## Work task
Below are the records; return exactly the lines from the one with "UCRAINA, Bakhmut. 29" through the final line, both included, minus any pictures.

Entries taken from a collection:
•••••

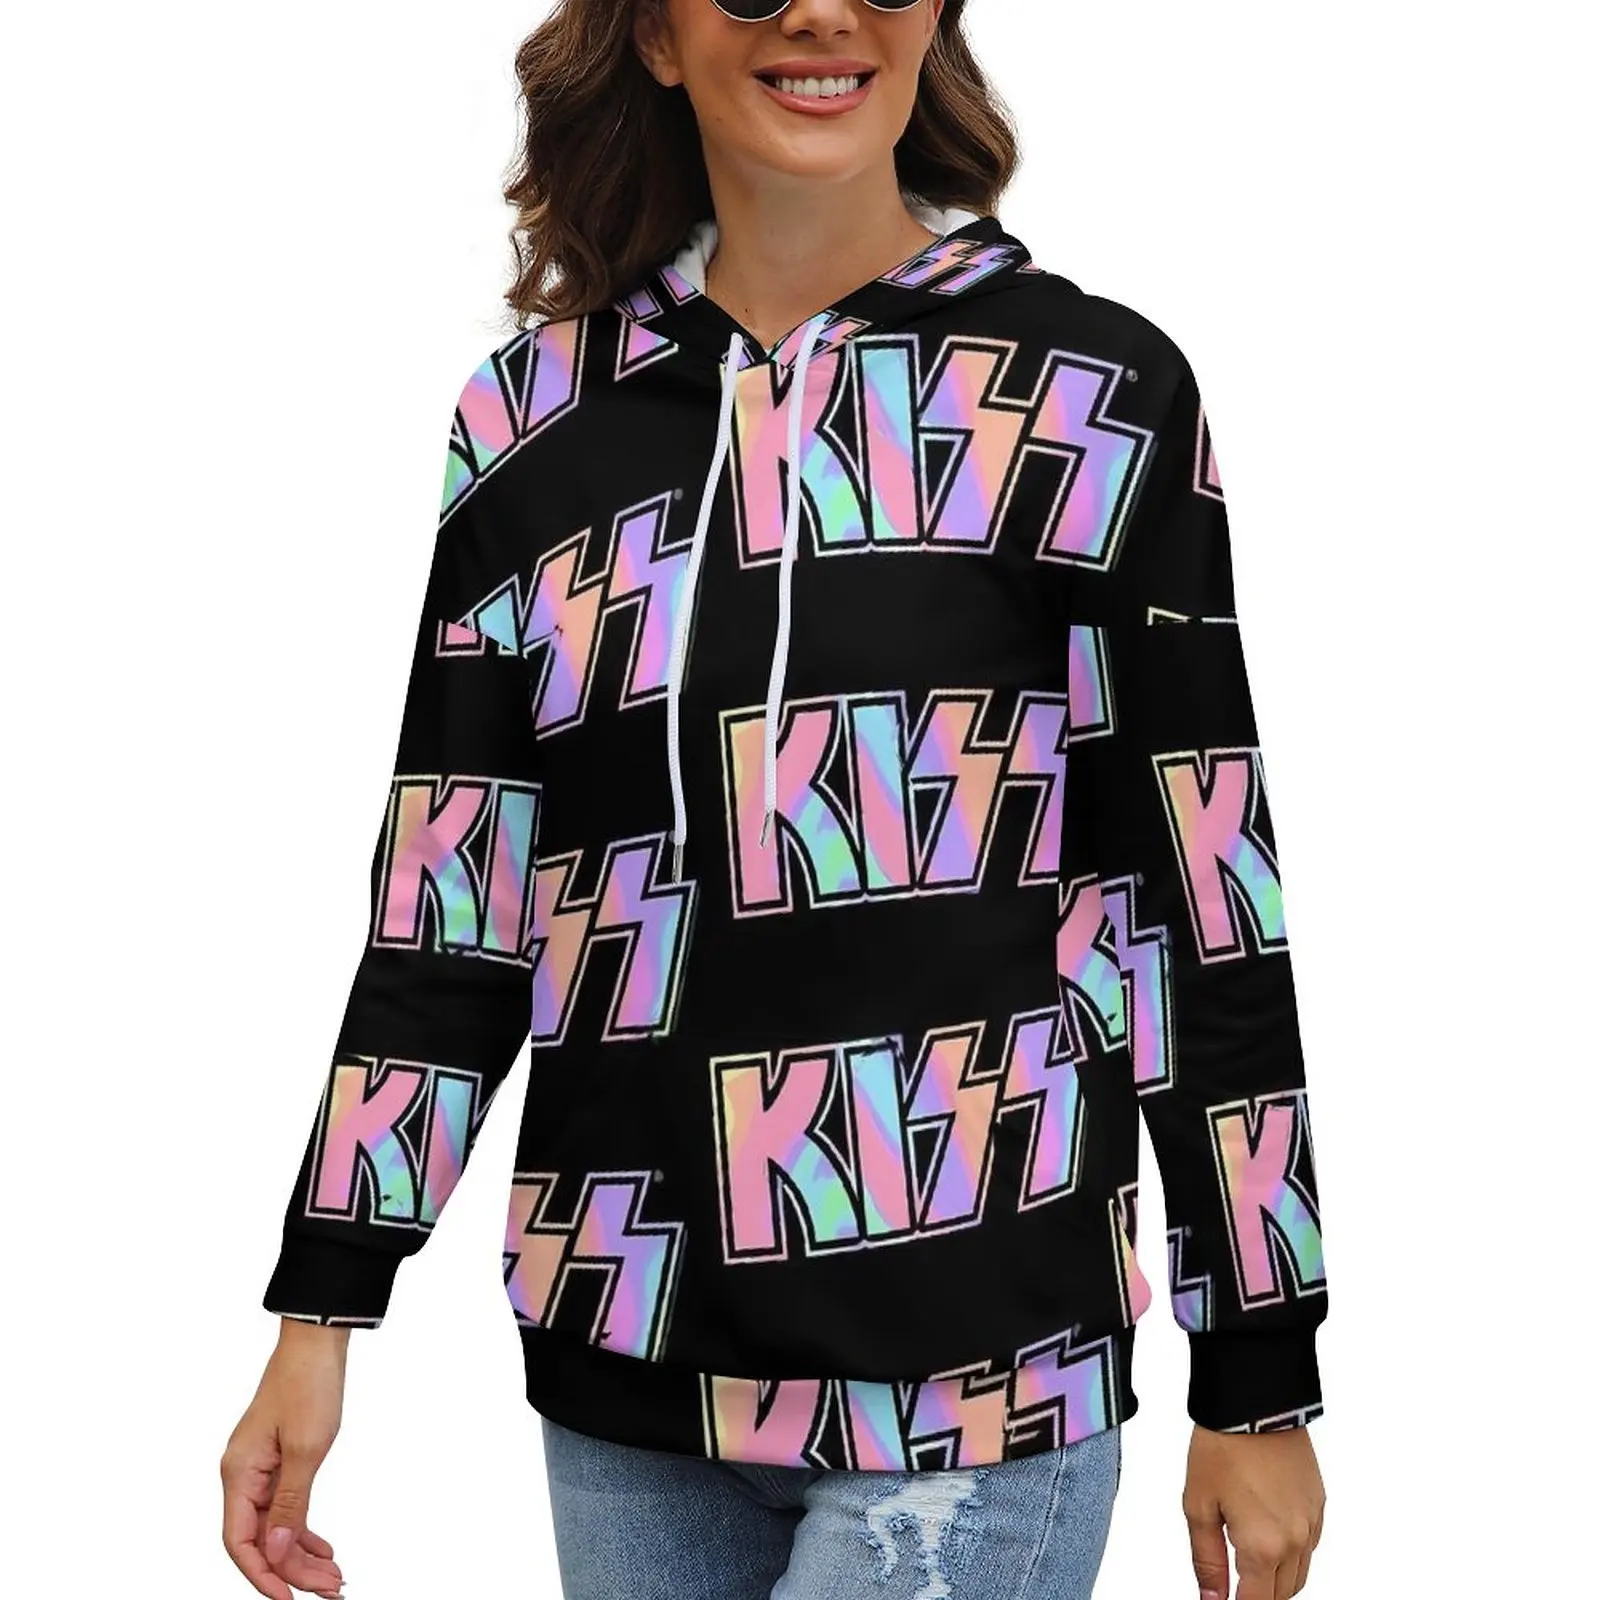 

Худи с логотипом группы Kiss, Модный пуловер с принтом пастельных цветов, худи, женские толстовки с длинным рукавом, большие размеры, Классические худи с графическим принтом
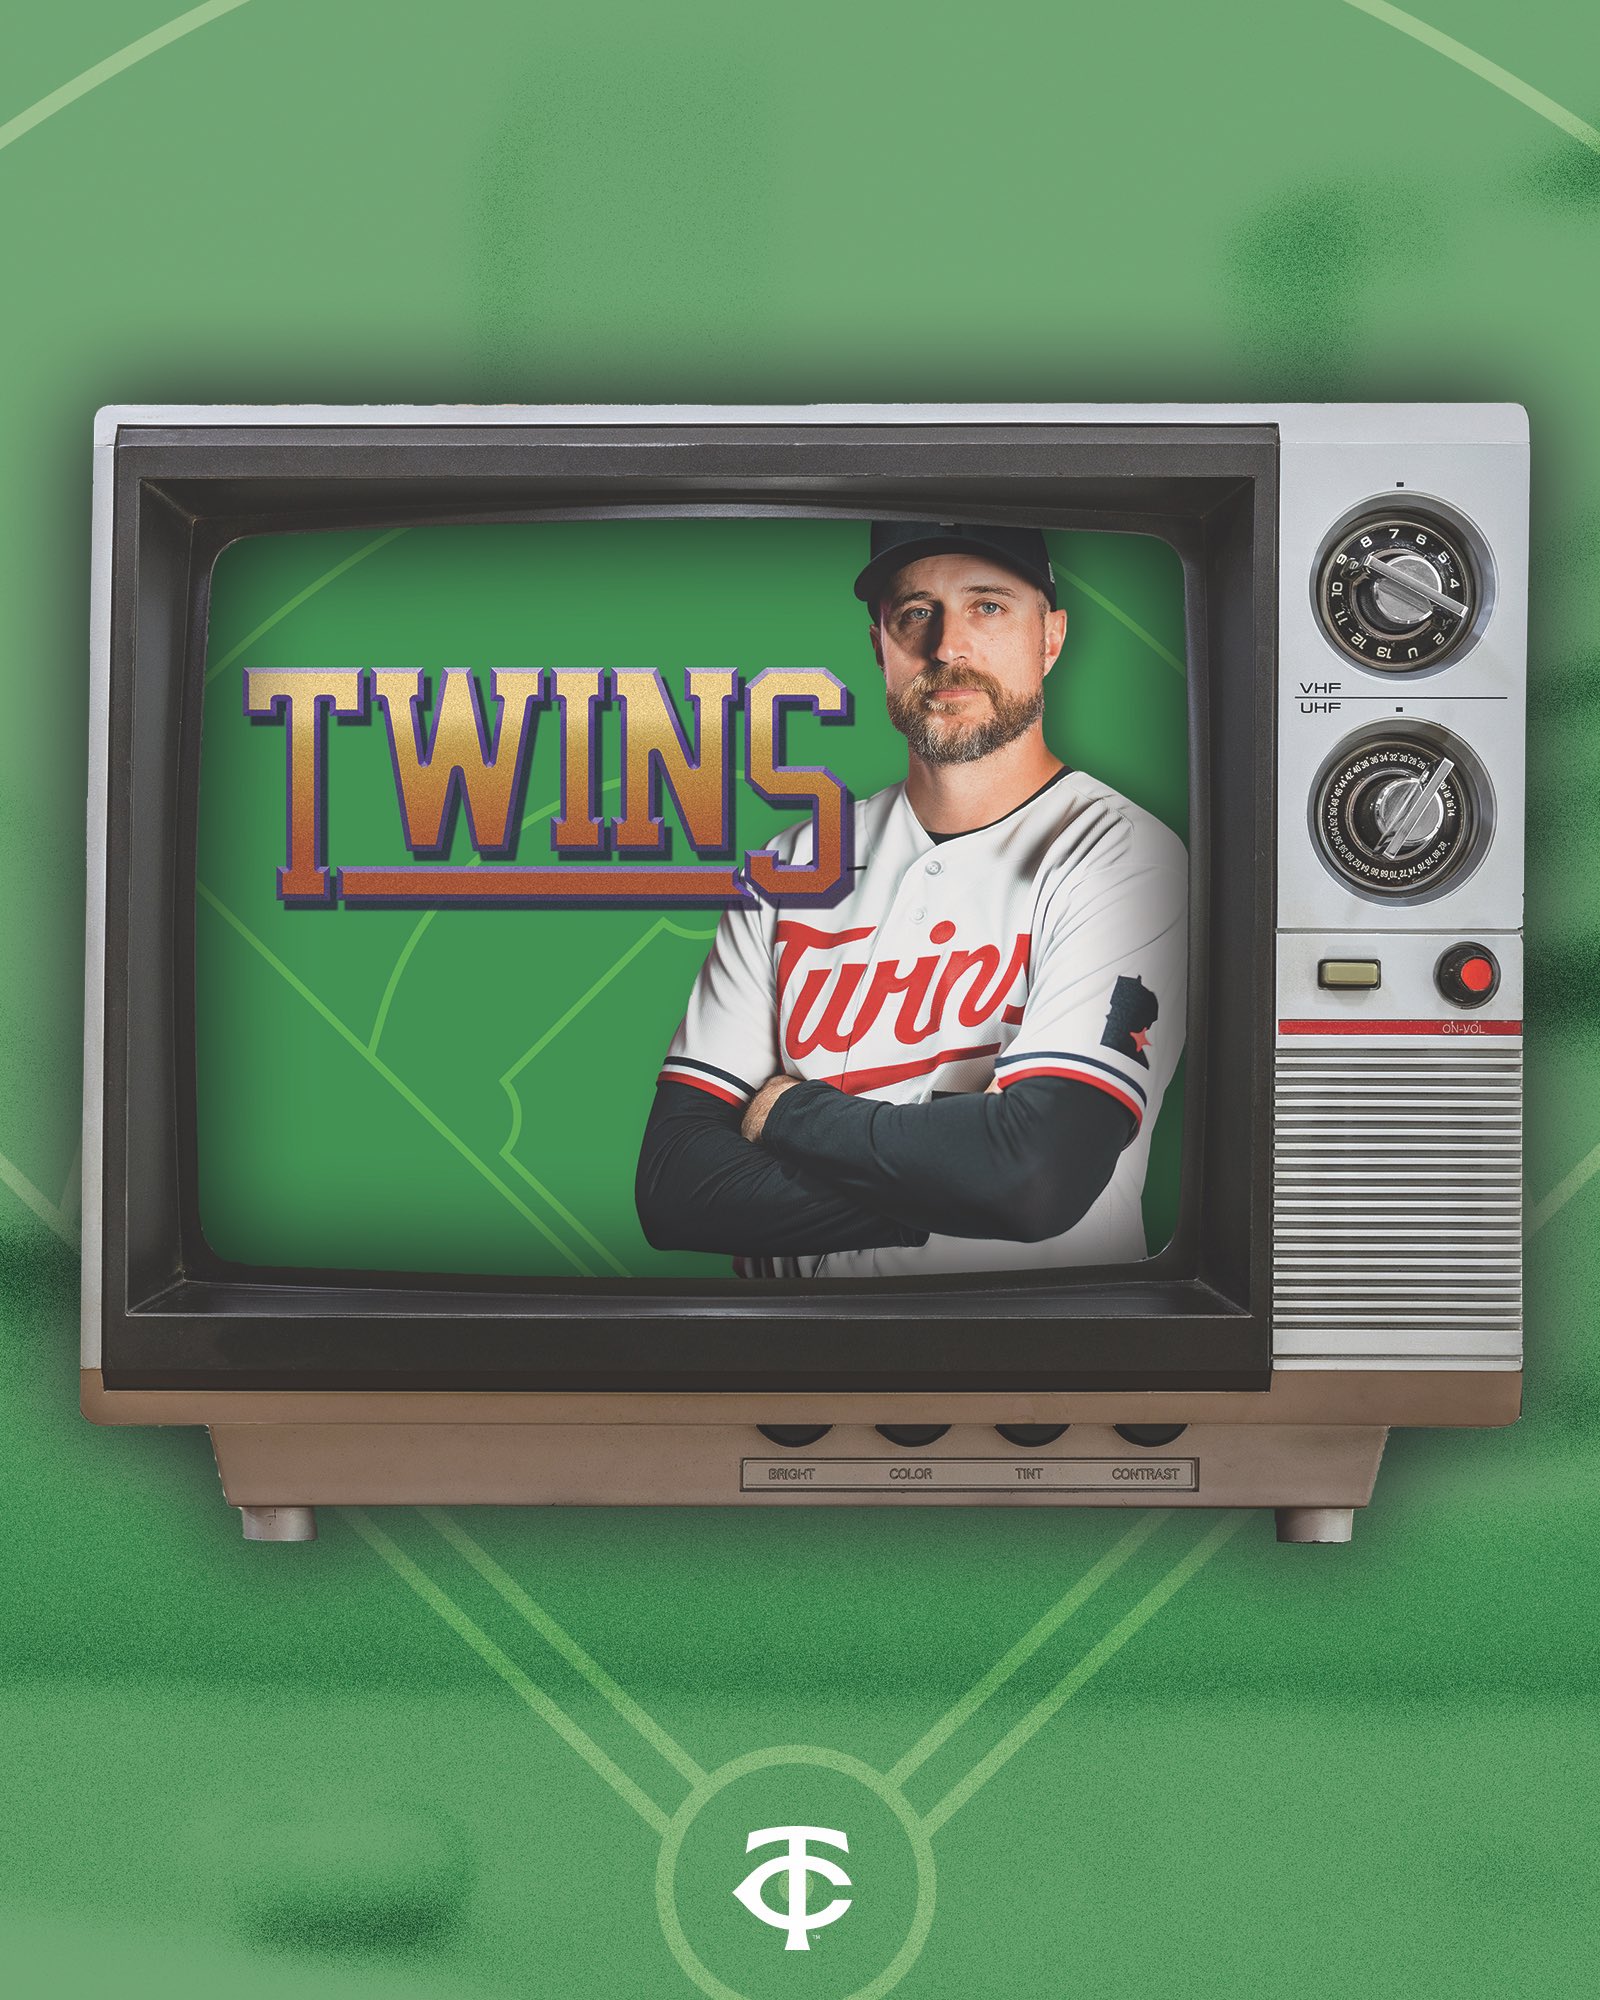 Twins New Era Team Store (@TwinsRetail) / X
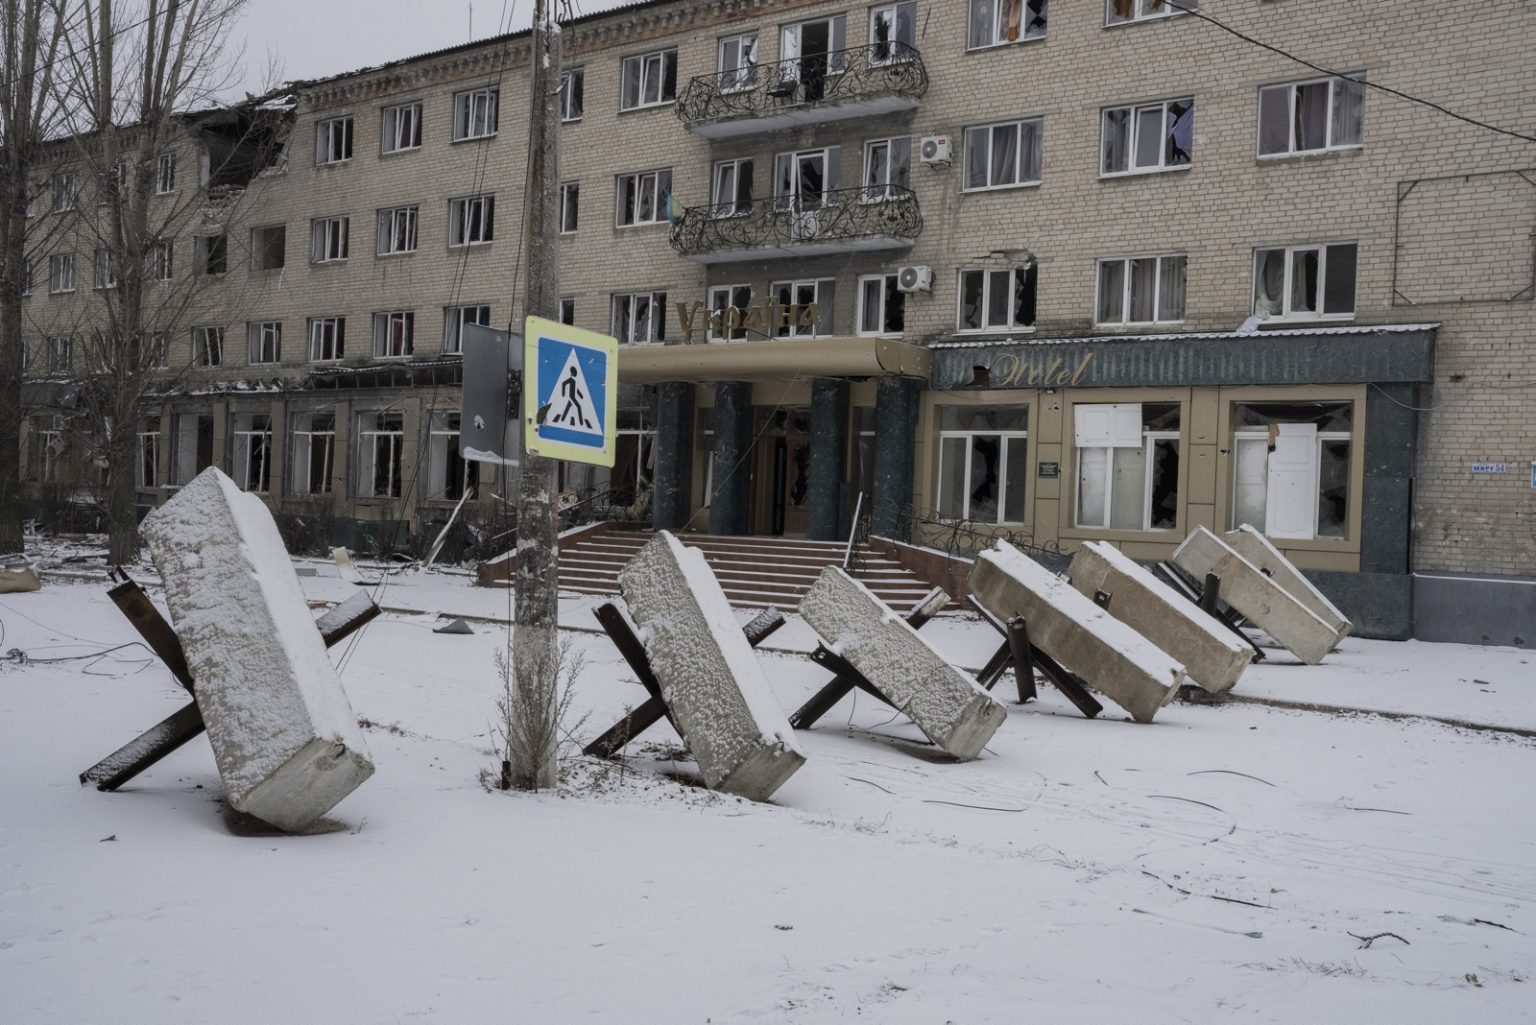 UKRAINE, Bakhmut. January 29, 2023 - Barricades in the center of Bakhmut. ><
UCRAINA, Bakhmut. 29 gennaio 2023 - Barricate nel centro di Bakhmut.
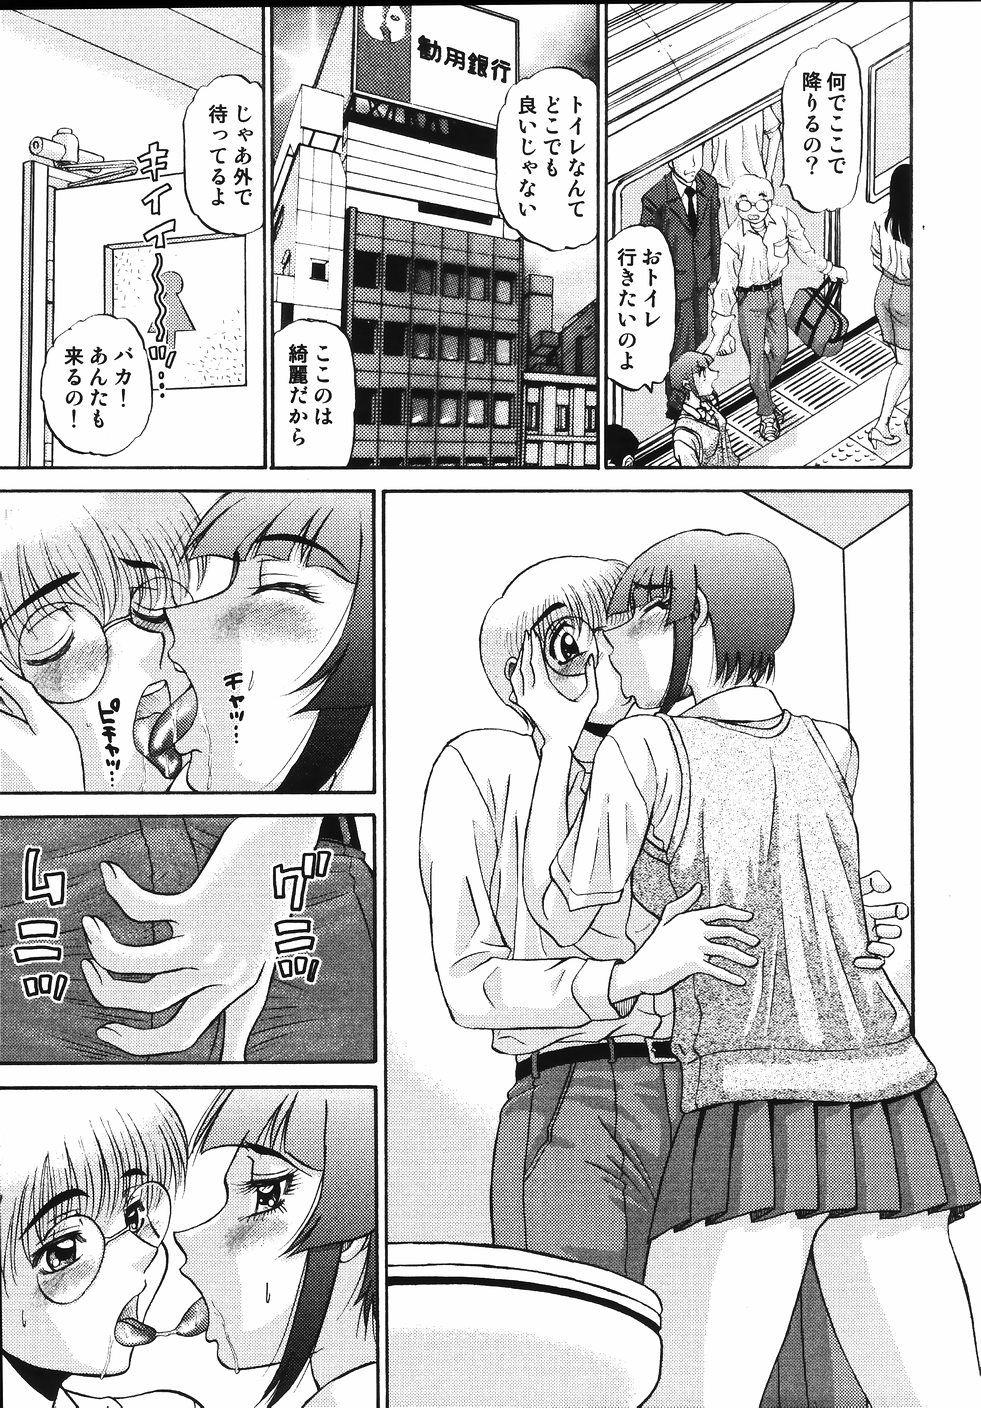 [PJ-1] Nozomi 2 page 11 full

•••••

## Exercise result
UCRAINA, Bakhmut. 29 gennaio 2023 - Barricate nel centro di Bakhmut.
 [PJ-1] Nozomi 2 page 11 full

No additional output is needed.